From the command line, copy the Pepperdata bootstrap script that you extracted from the Pepperdata package from its local location to any location; in this procedure’s steps, we’ve copied it to /tmp.
- For Amazon EMR clusters:
  
  aws s3 cp s3://<pd-bootstrap-script-from-install-packages> /tmp/bootstrap
- For Google Dataproc clusters:
  
  sudo gsutil cp gs://<pd-bootstrap-script-from-install-packages> /tmp/bootstrap
Load the revised configuration by running the Pepperdata bootstrap script.
- For EMR clusters:
  - You can use the --long-options form of the --bucket, --upload-realm, and --is-running arguments as shown or their -short-option equivalents, -b, -u, and -r.
  - The --is-running (-r) option is required for bootstrapping an already-running host prior to Supervisor version 7.0.13.
  - Optionally, you can specify a proxy server for the AWS Command Line Interface (CLI) and Pepperdata-enabled cluster hosts.
    
    Include the --proxy-address argument when running the Pepperdata bootstrap script, specifying its value as a fully-qualified host address that uses https protocol.
  - If you’re using a non-default EMR API endpoint (by using the --endpoint-url argument), include the --emr-api-endpoint argument when running the Pepperdata bootstrap script. Its value must be a fully-qualified host address. (It can use http or https protocol.)
  - If you are using a script from an earlier Supervisor version that has the --cluster or -c arguments instead of the --upload-realm or -u arguments (which were introduced in Supervisor v6.5), respectively, you can continue using the script and its old arguments. They are backward compatible.
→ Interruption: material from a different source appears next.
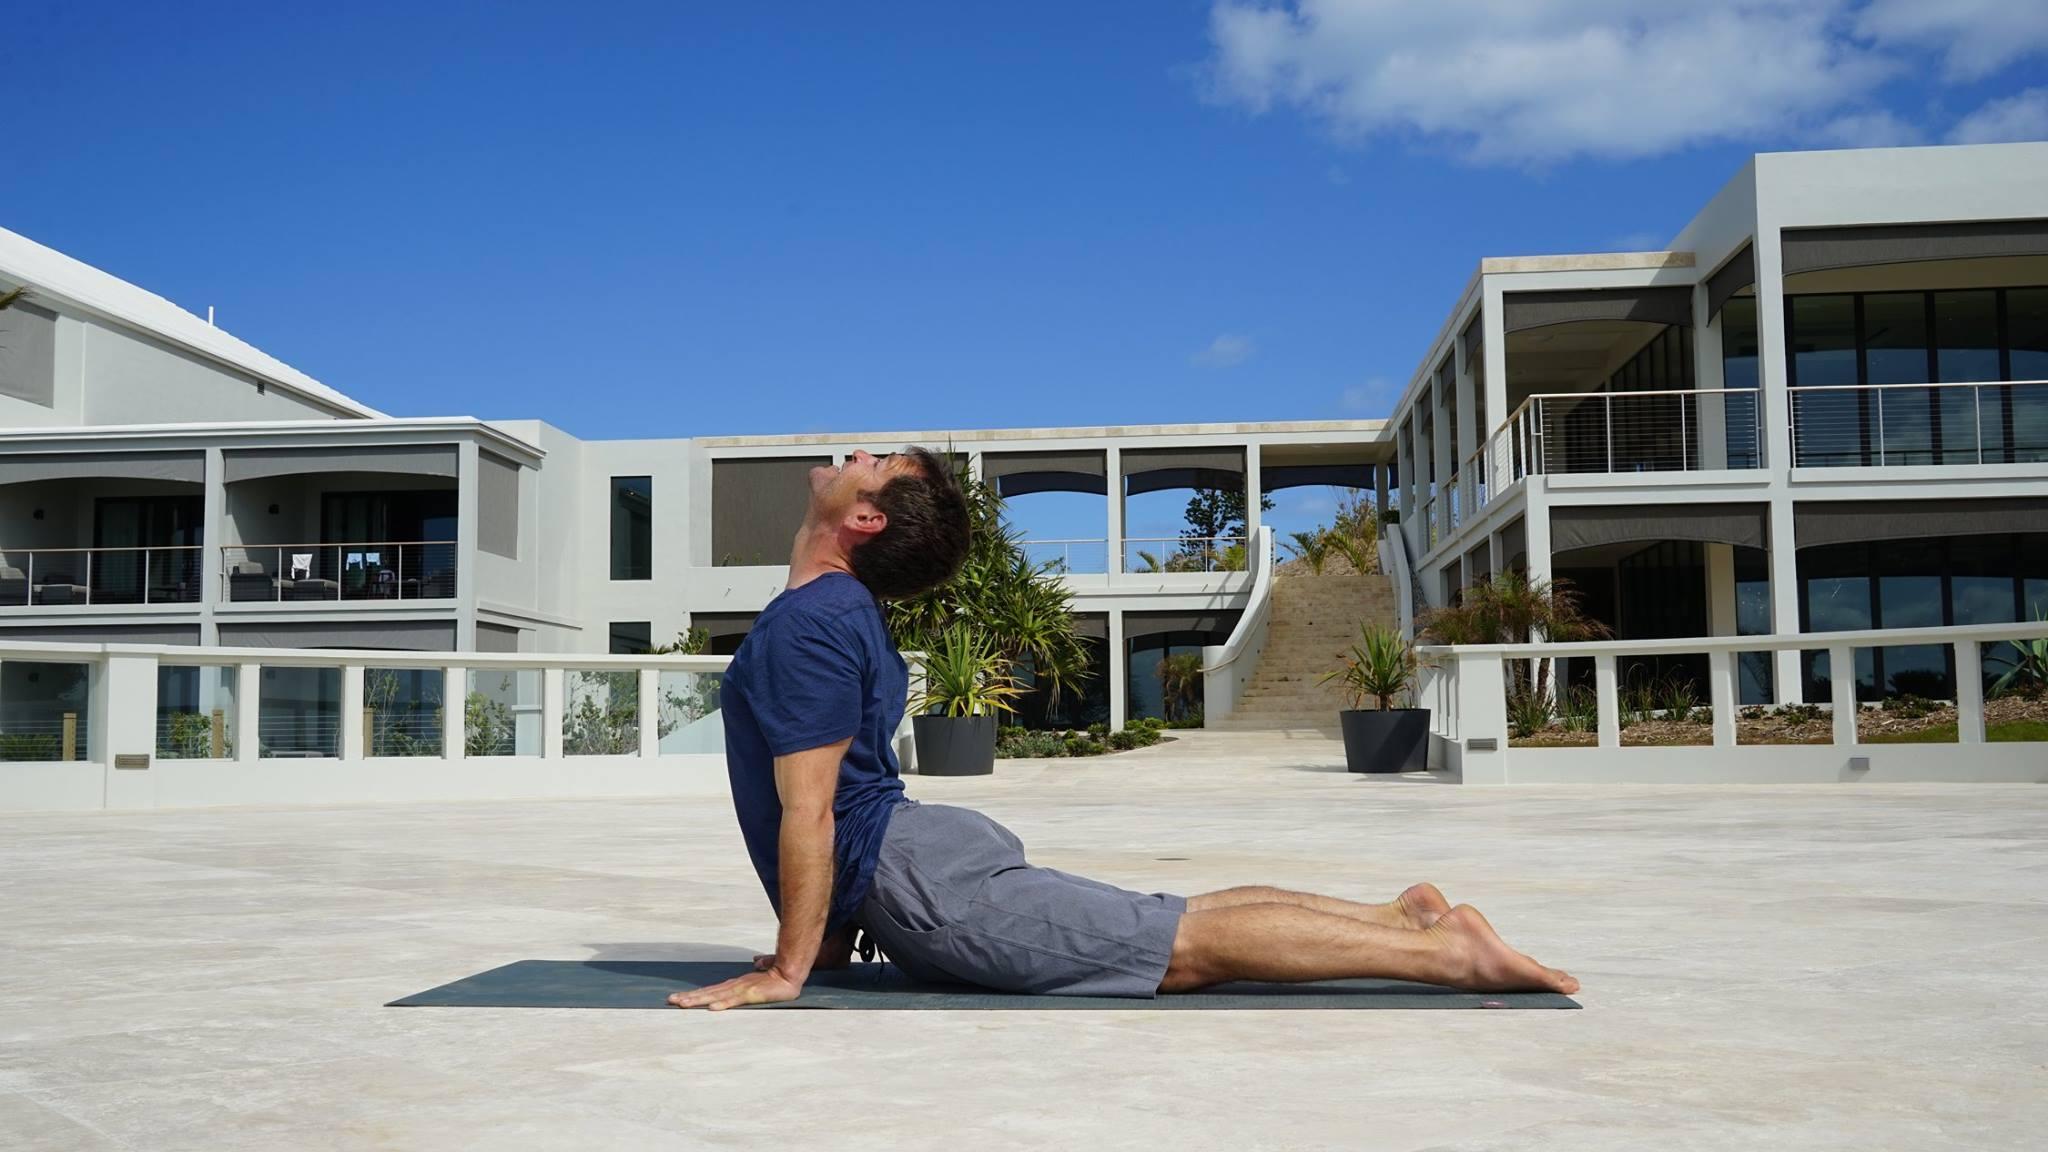 Bermuda - Todd Crews Yoga 15
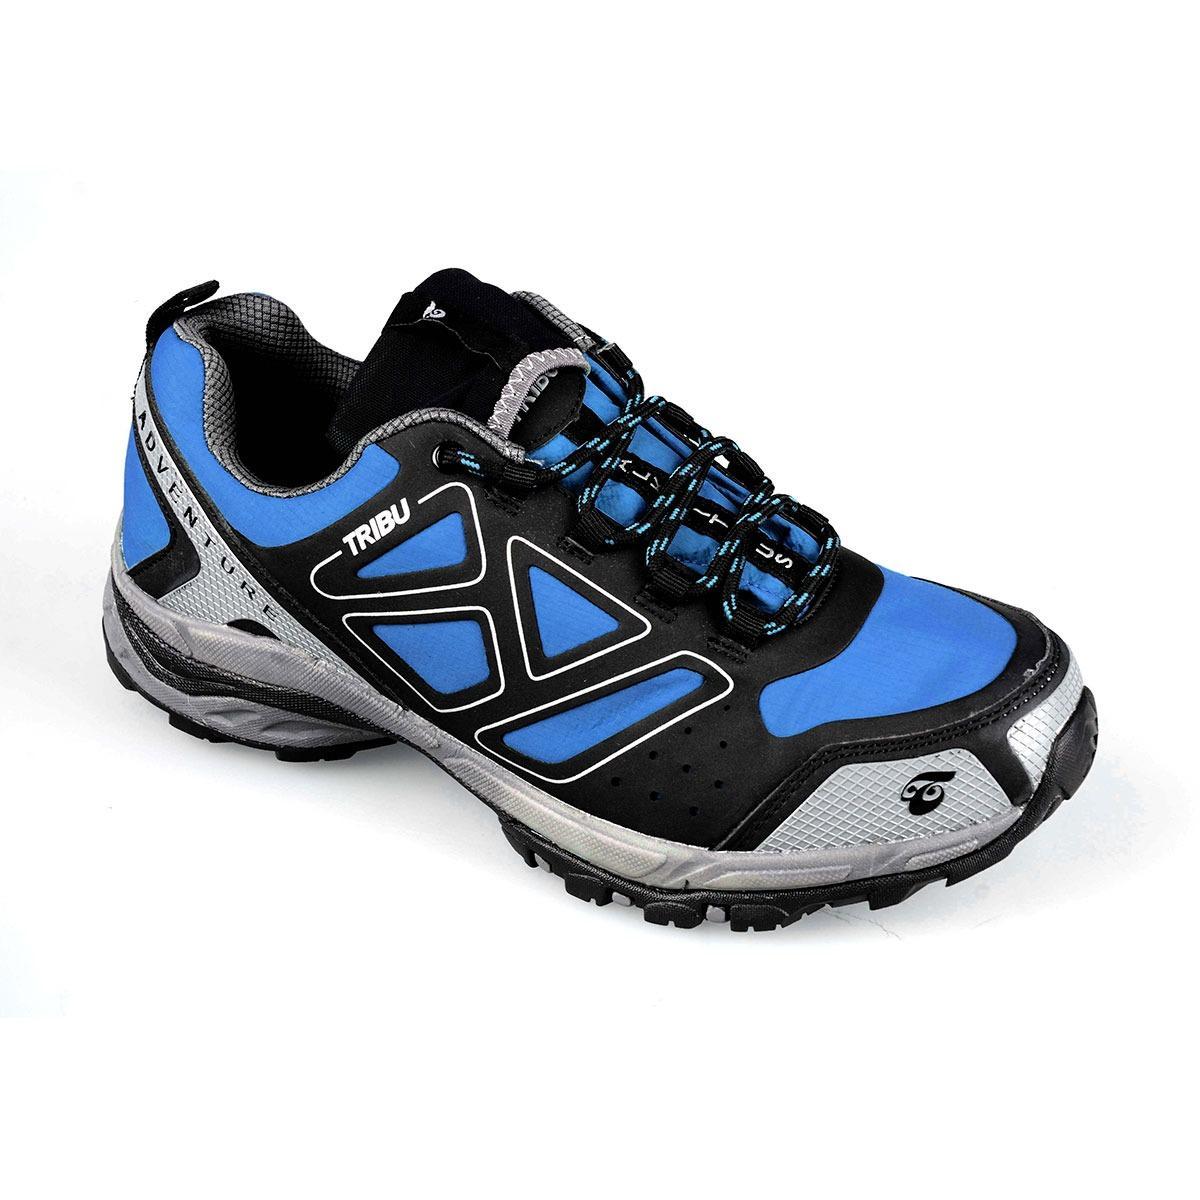 Tribu Armor Shoes (Blue)

  - Optionally, you can override the default exponential backoff and jitter retry logic for the describe-cluster command that the Pepperdata bootstrapping uses to retrieve the cluster’s metadata.
    
    Specify either or both of the following options in the bootstrap’s Optional arguments. Be sure to substitute your values for the <my-retries> and <my-timeout> placeholders that are shown in the command.
    - max-retry-attempts—(default=10) Maximum number of retry attempts to make after the initial describe-cluster call.
    - max-timeout—(default=60) Maximum number of seconds to wait before the next retry call to describe-cluster. The actual wait time for a given retry is assigned as a random number, 1–calculated timeout (inclusive), which introduces the desired jitter.
```
# For Supervisor versions before 7.0.13:
sudo bash /tmp/bootstrap --bucket <bucket-name> --upload-realm <realm-name> --is-running [--proxy-address <proxy-url:proxy-port>] [--emr-api-endpoint <endpoint-url:endpoint-port>] [--max-retry-attempts <my-retries>] [--max-timeout <my-timeout>]
   
# For Supervisor versions 7.0.13 and later:
sudo bash /tmp/bootstrap --bucket <bucket-name> --upload-realm <realm-name> [--proxy-address <proxy-url:proxy-port>] [--emr-api-endpoint <endpoint-url:endpoint-port>] [--max-retry-attempts <my-retries>] [--max-timeout <my-timeout>]
```
- For Dataproc clusters:
  
  sudo bash /tmp/bootstrap <bucket-name> <realm-name>
The script finishes with a Pepperdata installation succeeded message.